Antoinette Sterling (January 23, 1841January 10, 1904) was an American contralto most known for singing sentimental ballads in Britain and the British Empire.

Early life
Sterling was born in Sterlingville, New York, on January 23, 1841. Her father, James Sterling, owned large blast furnaces, and she claimed to be a descendant of William Bradford. In childhood, she developed anti-British prejudices. Her young patriotic sympathies were so stirred by the story of the destruction of tea cargoes in Boston harbour that she resolved never to drink tea and kept the resolution all her life. She took a few singing lessons at eleven from Signor Abella in New York. In 1857, when she was sixteen, her father died, and she went to the state of Mississippi as a teacher, and after some time, she gave singing lessons.

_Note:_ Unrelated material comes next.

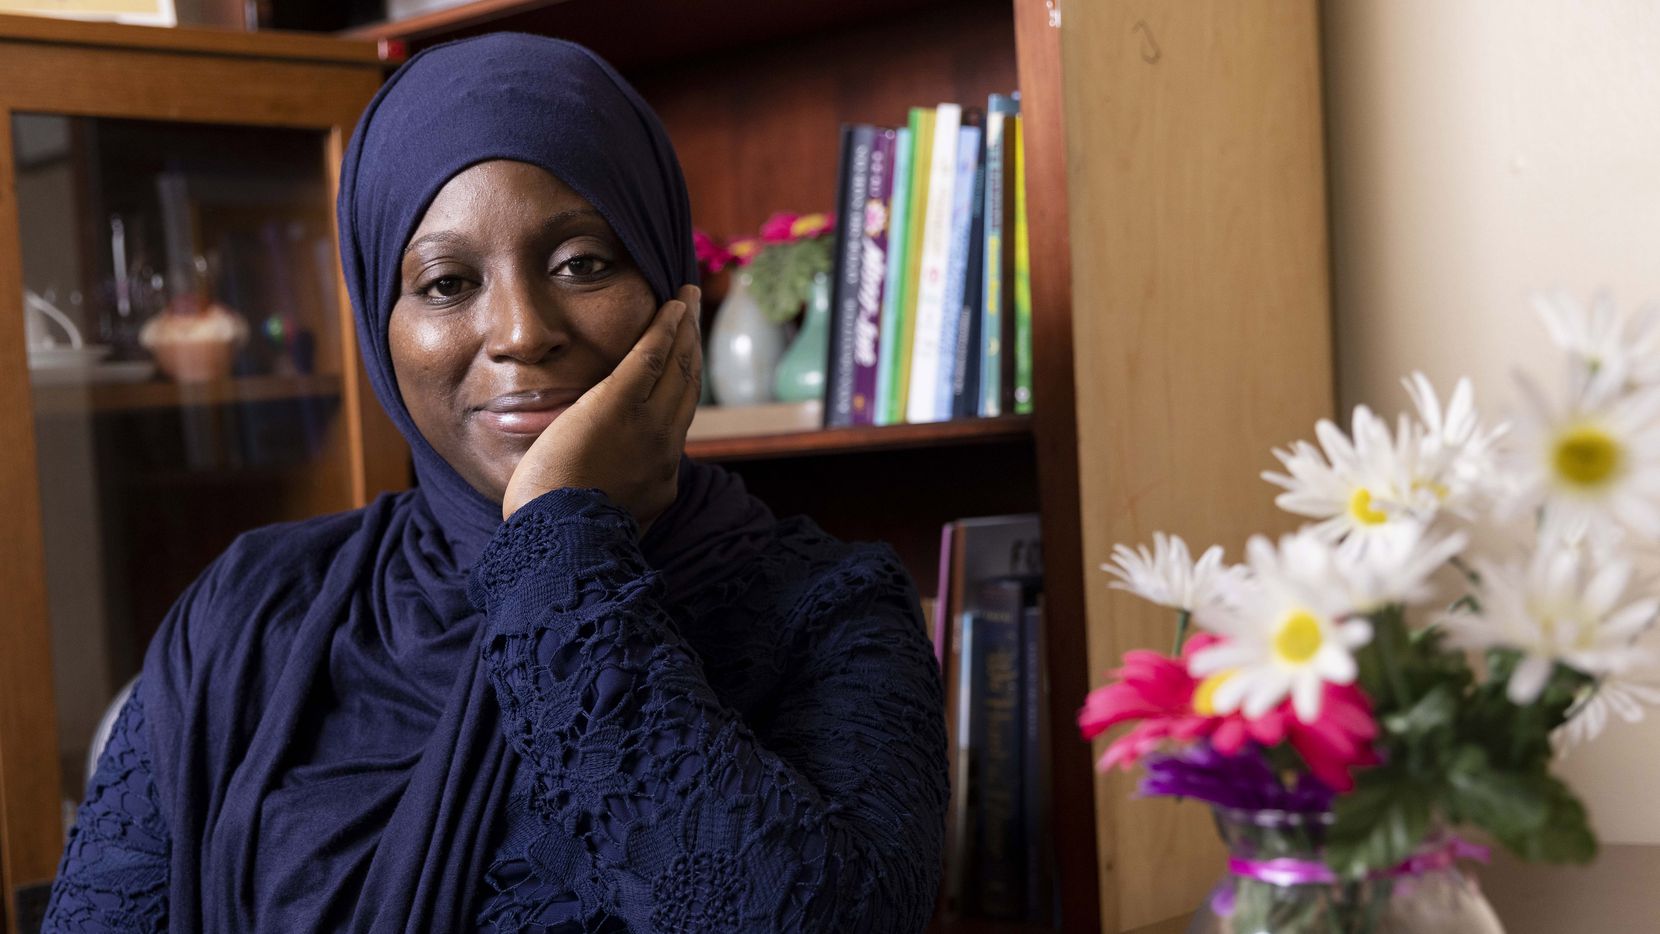 This Dallas writer started a publishing house and festival to spotlight Muslim authors

When the civil war started, during the summer of 1862, she fled north by night, guided by African Americans. Afterward, she became a church singer at Henry Ward Beecher's church in Brooklyn, New York. In 1868, she came to Europe for further training, where she sang at Darlington in Handel's Messiah on December 17 and took lessons with W. H. Cummings in London before proceeding to Germany. 

She studied with Pauline Viardot-Garcia and with Manuel Garcia in London.  In 1871, she returned to America and became a concert singer.

Professional career in England and British Empire
She returned to England at the beginning of 1873, where she made her British singing debut in the Covent Garden Promenade Concerts and became known for singing ballads and Scotch songs.

Her first engagement in London was at the promenade concert on November 6, 1873; she insisted on singing the "Slumber Song" from Bach's Christmas Oratorio and some classical Lieder. Her success at the Crystal Palace, the Albert Hall, Exeter Hall, and St. James's Hall quickly followed. 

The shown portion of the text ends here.